According to James Gleick in his comprehensive book The Information: A History, A Theory, A Flood, the earliest and most enduring definition of information was given by vicar and mathematician John Wilkins in 1641 as “…whatever is capable of a competent Difference, perceptible to any Sense…” In other words, information is any physical state that could be otherwise. For example, a coin lying on a table with heads up could be otherwise by having tails up. Hence, it is one bit of information. If both sides of the coin were identical, then there would be no information. Alternatively, the very presence of the coin on the table constitutes information since it could be absent. The presence or absence of a particle also constitutes information.
Information is therefore everywhere. IBM physicist Rolf Landauer stated in 1961 that “information is physical.” Every physical particle in the universe involves information by its existence, all of its properties, and its position and interaction with all other particles. For this reason, physicists see that our universe has far more information than the total number of elementary particles.
However, this perspective of information is a far cry from what we usually think of as information. Most of the information described above is inaccessible, unintelligible and irrelevant to the average person. To bridge the gap we need to turn to the communications engineer.
The communications engineer focuses attention on a very tiny subset of the physicists’ information. In this computer age, information is quantified and described by a series of 0’s and 1’s, using any physical object or device that has an “on” or “off” state and that can be transmitted rapidly from one location to another. Any physical state that represents a 0 could be otherwise by being a 1, and vice versa. By carefully defining a standardized set of conditions to represent those 0’s and 1’s, the communications engineer enables the transmission of a message. Claude Shannon was the Bell Labs engineer who did the most to define and quantify information in his seminal paper in 1948. He made it possible to maximize the amount of information that could be transmitted, enabling the distinction between the “off/on” states that constitute desired information from those that constitute noise, or undesired 0’s and 1’s.
The engineer does not care about the message being transmitted, only about the integrity of the on/off states being transmitted. The term information for such an engineer relates to the stream of on/off states that is capable of transmitting a message.
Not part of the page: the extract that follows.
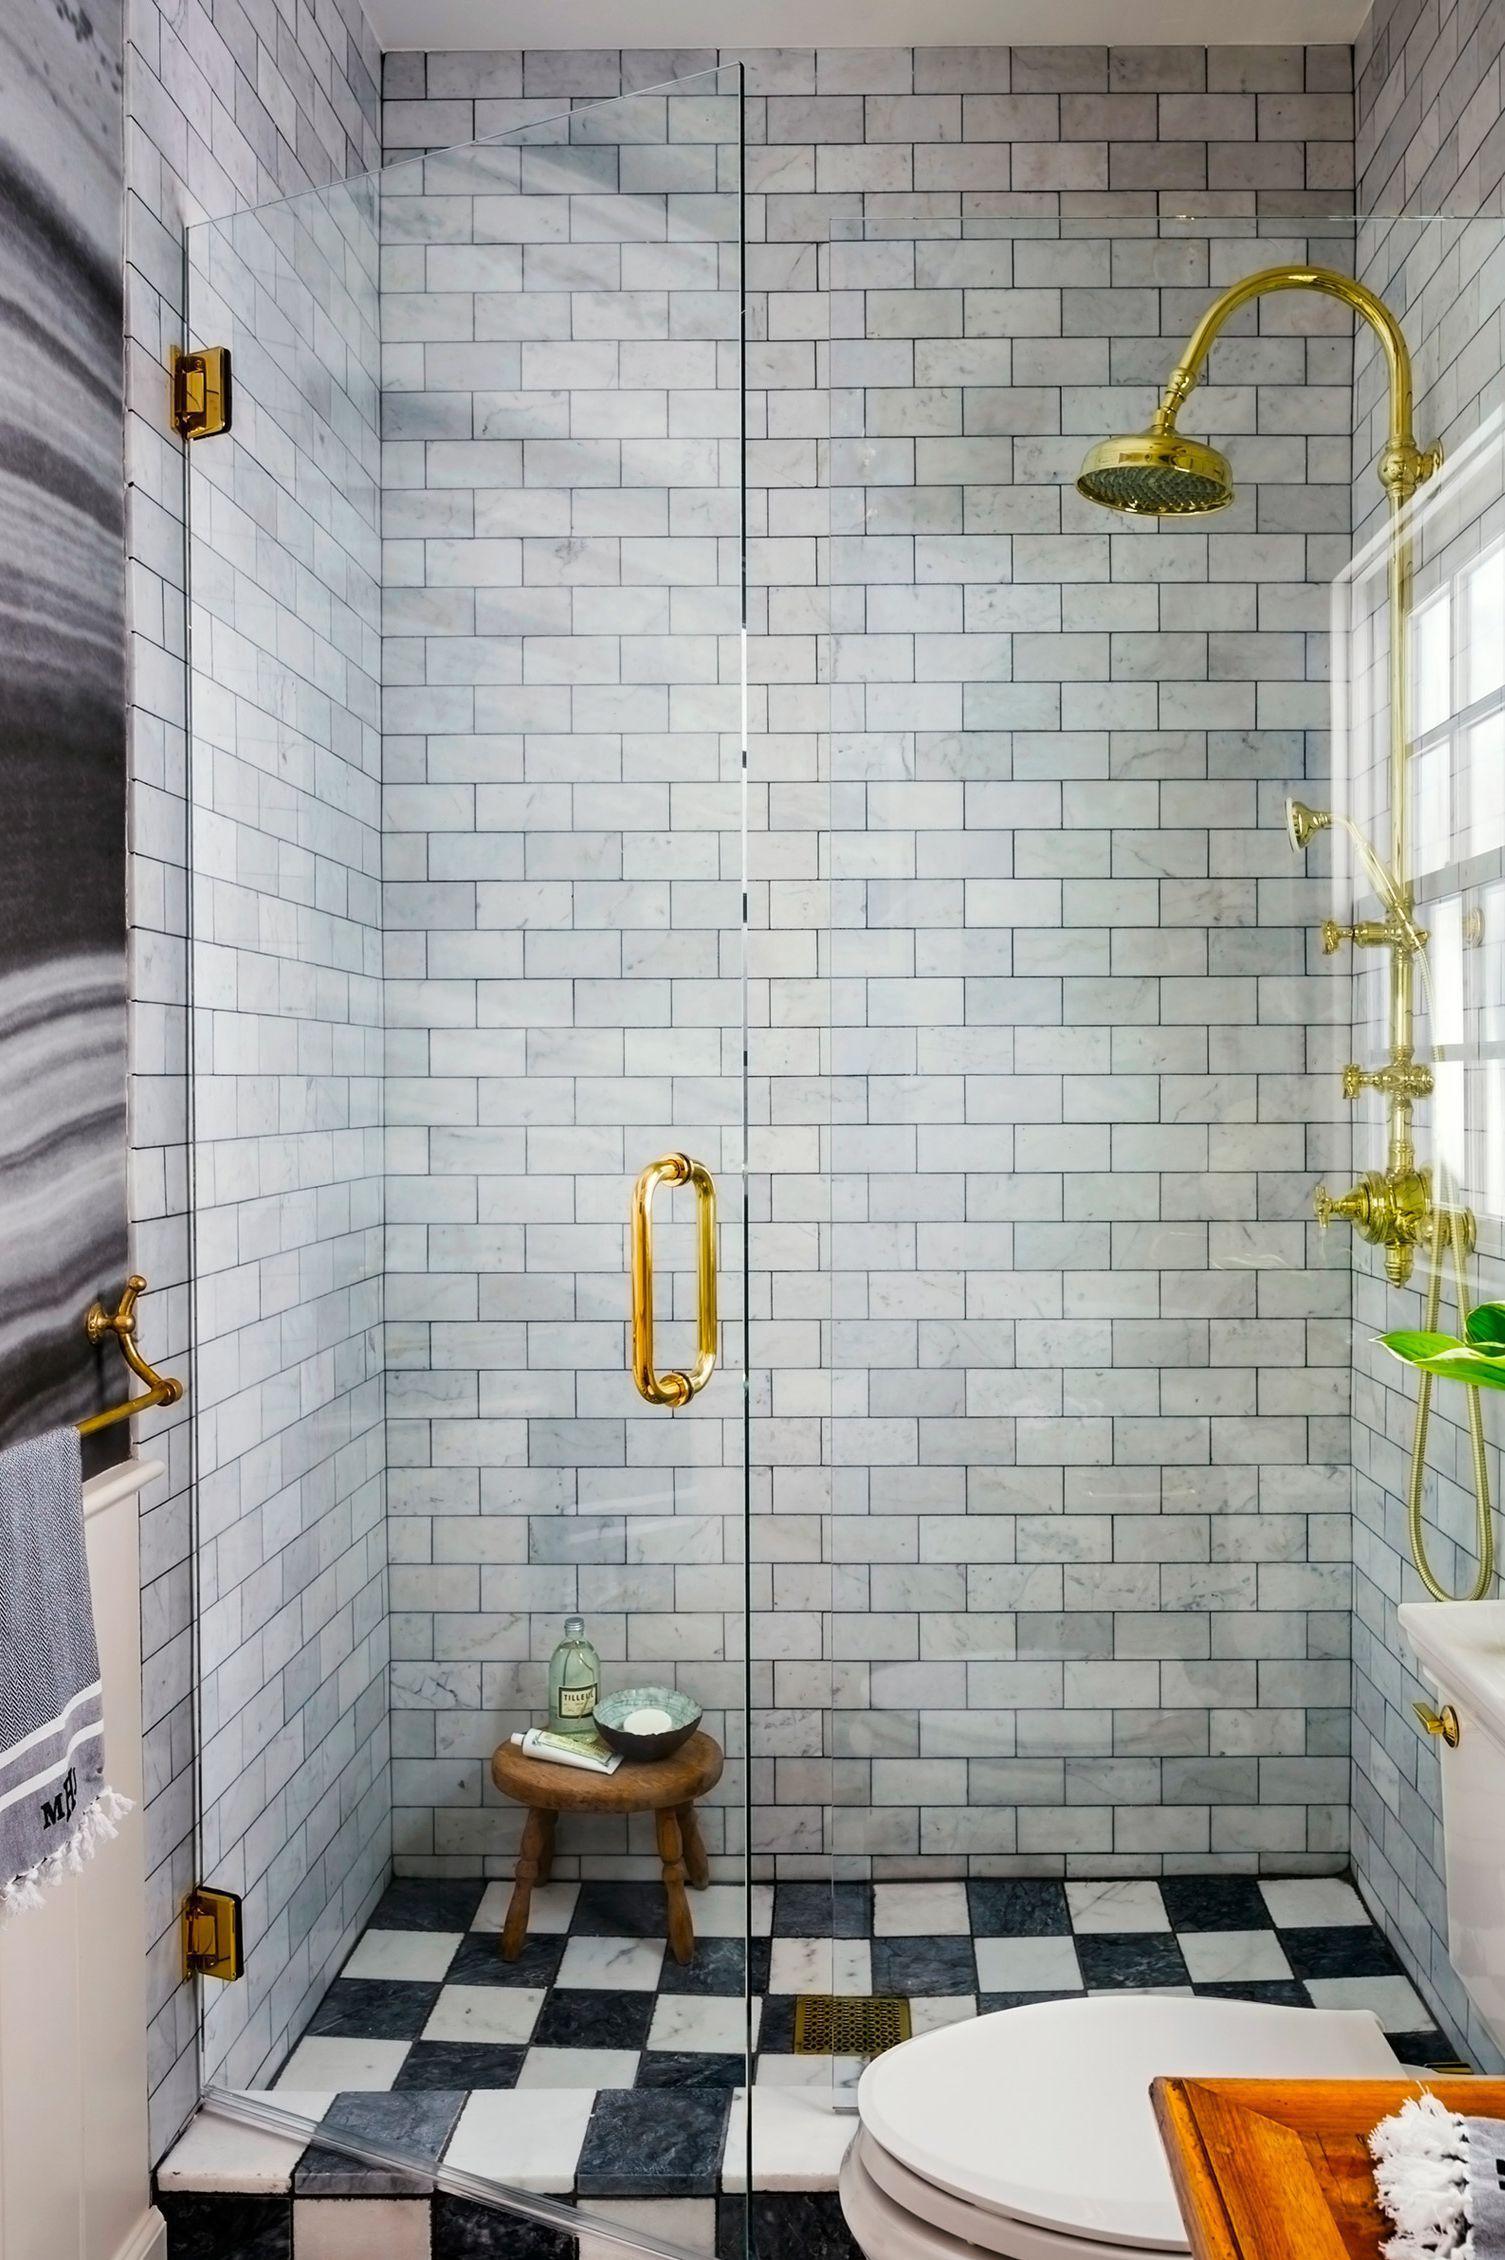 34 Attractive Designer Tiles Decortez Bathroom Wall Tile Design Tile Bathroom Bathroom Tile Designs

For example, a TV signal is a coherent digital signal that conveys some image, but the engineer is oblivious to the actual image being transmitted, whether it is a football game or a classic movie.
But we who are receivers of that message aren’t really interested in such a mechanical view of information. We only care about the meaning of the information. Who won the game? Who is the guilty party in the murder mystery? For us, information is all about meaning. Where does that meaning come from and how does it get connected with the physical states described above?
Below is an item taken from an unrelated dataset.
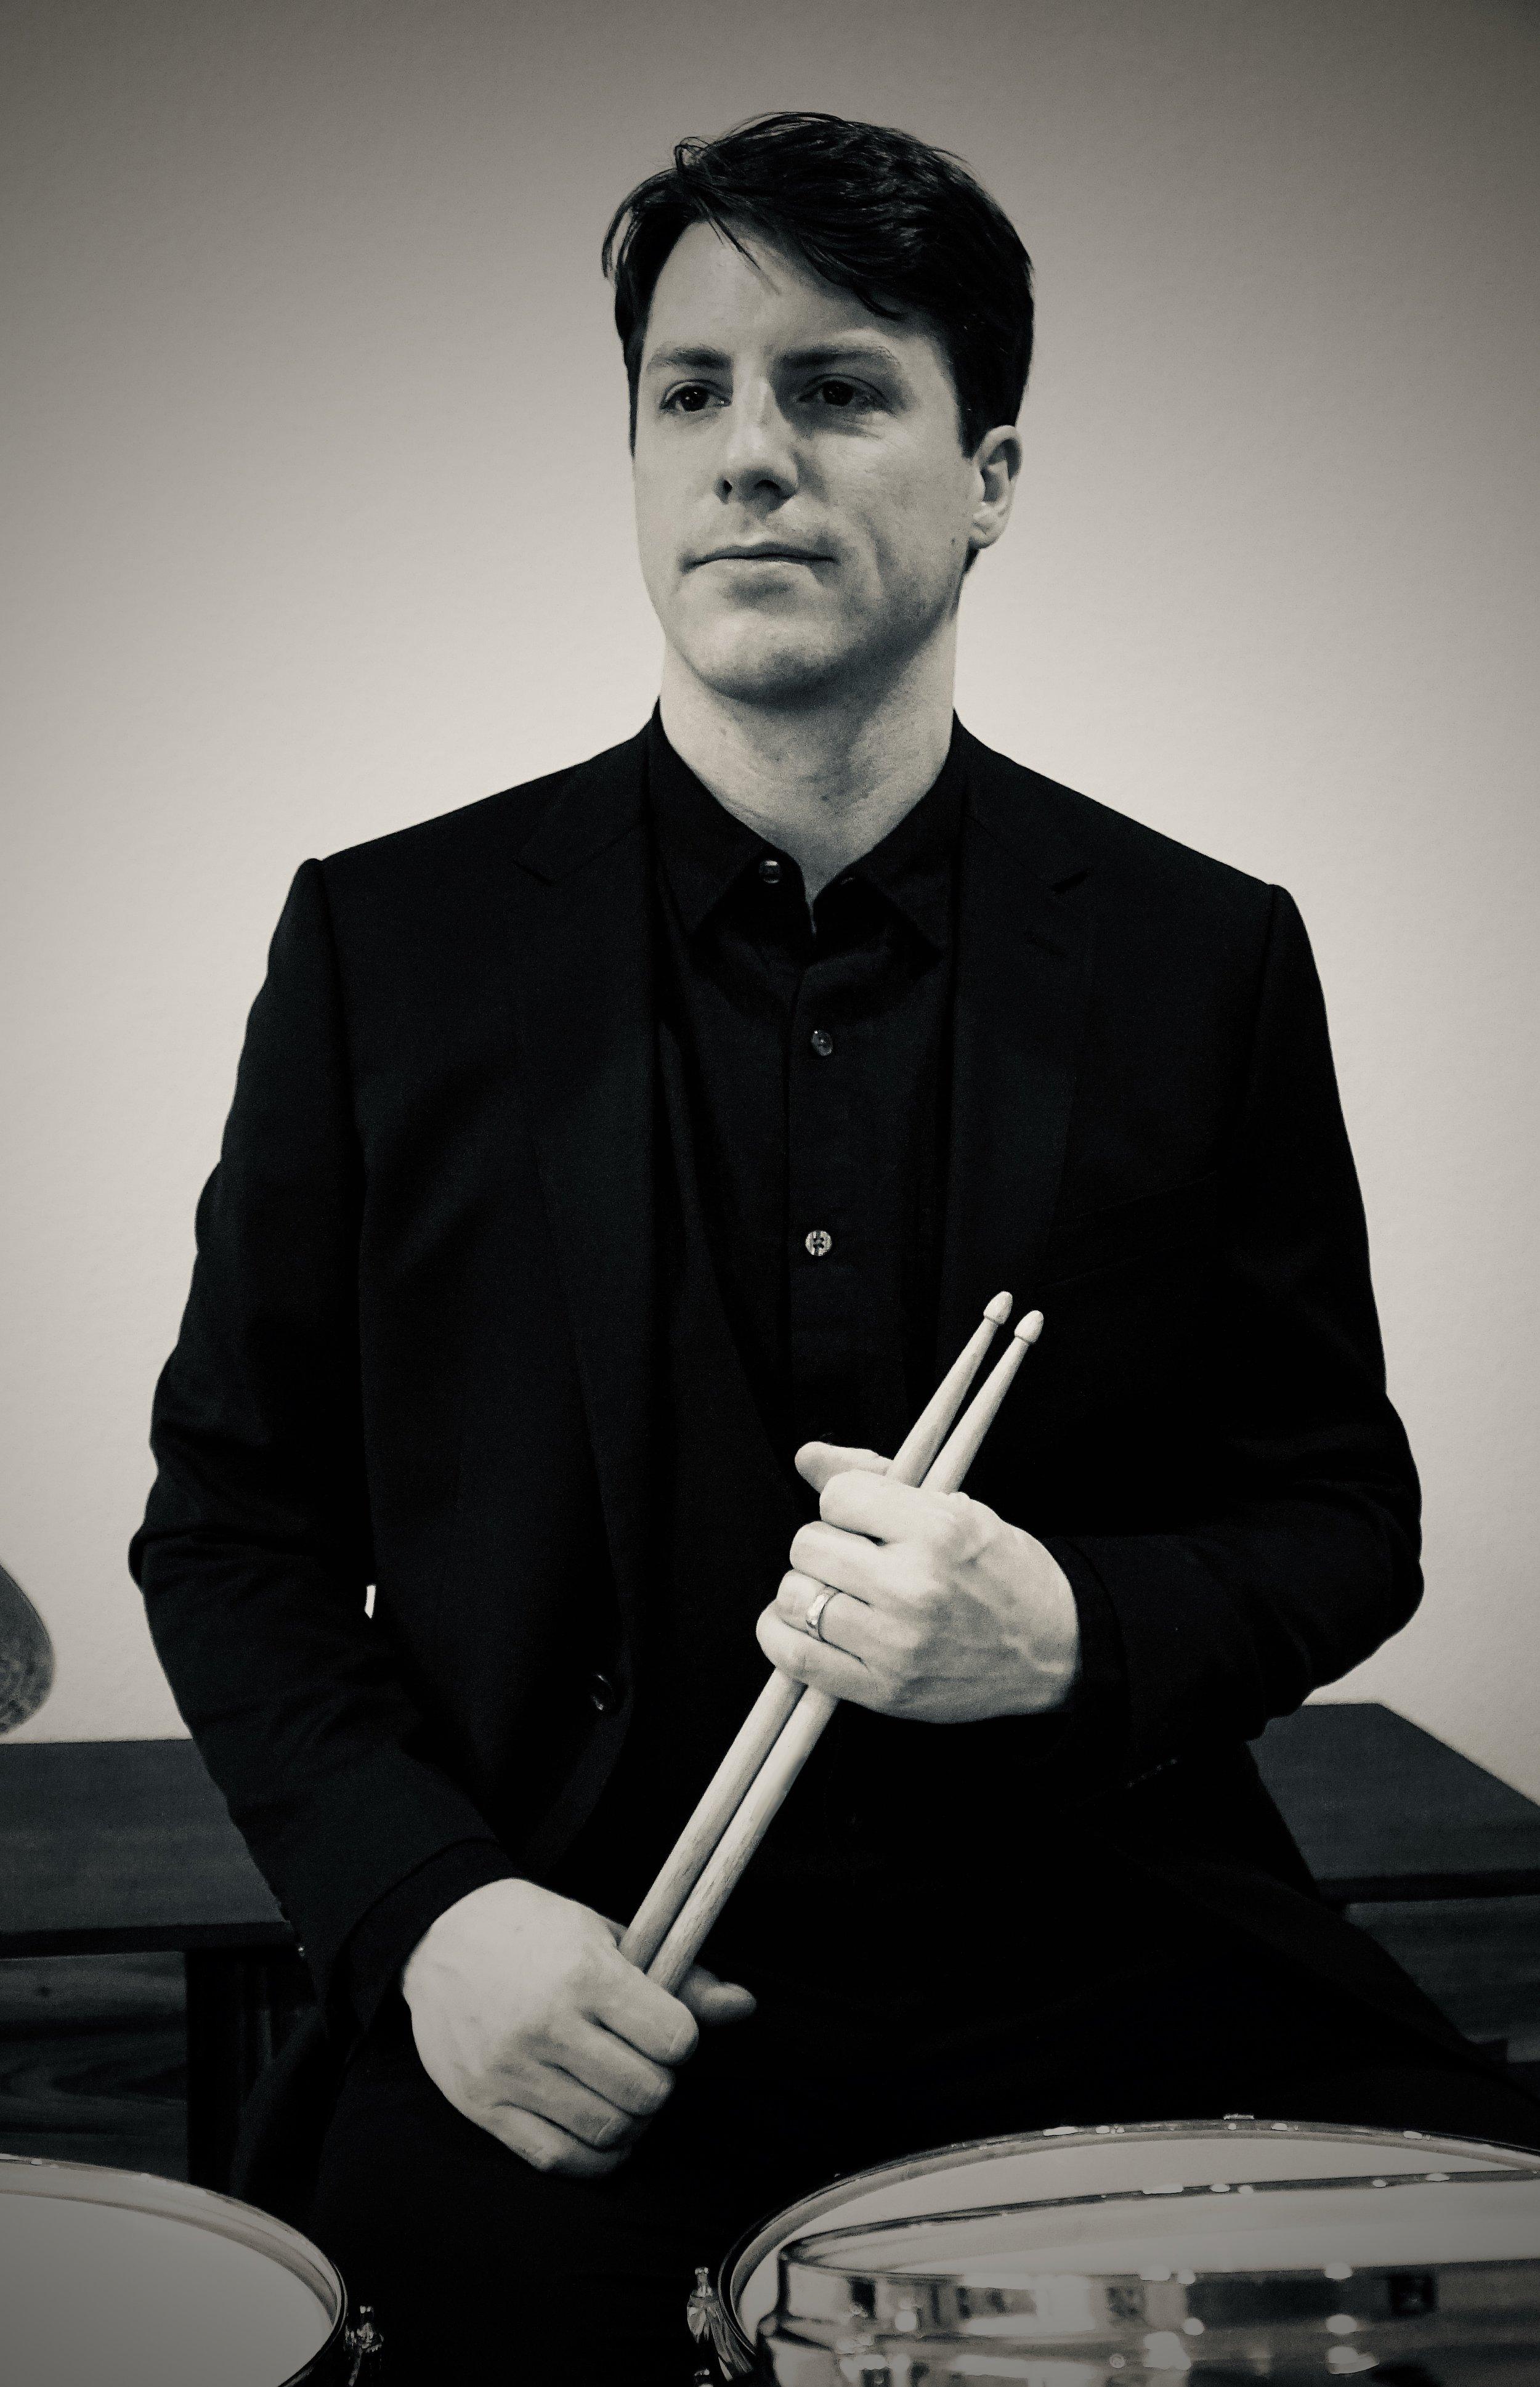 Drums & Music - Live/Studio/Lessons

The information that we care about in our daily lives is usually encoded into digital form using some standard code of meaning. For example, the English language is a code that endows physical features, such as written English letters, or spoken English sounds, with meaning. Those physical features are then coded into a binary digital form that communications engineers can easily transmit. The receiver of such information can then decode those 0’s and 1’s using the same code as the sender used. If the sender were to use a unique code unknown to others, then the receiver could not decode the message unless the sender found some way to transmit the secret code to the receiver. The code that is used is independent of the message. Various physical systems and codes can be used but it is important to note that the sender assigns a meaning to the physical states using a code. The meaning is not determined by the physical parameters that transmit the message. Only those who know how the sender encoded the message can verify whether or not the receiver has properly decoded the message. If an intelligent agent encoded the message using some abstract relationship, then an intelligent agent with knowledge of that relationship is required to decode it. A detailed analysis of the physical states that carry out the transmission of the message cannot determine the meaning of the message without knowledge of the code.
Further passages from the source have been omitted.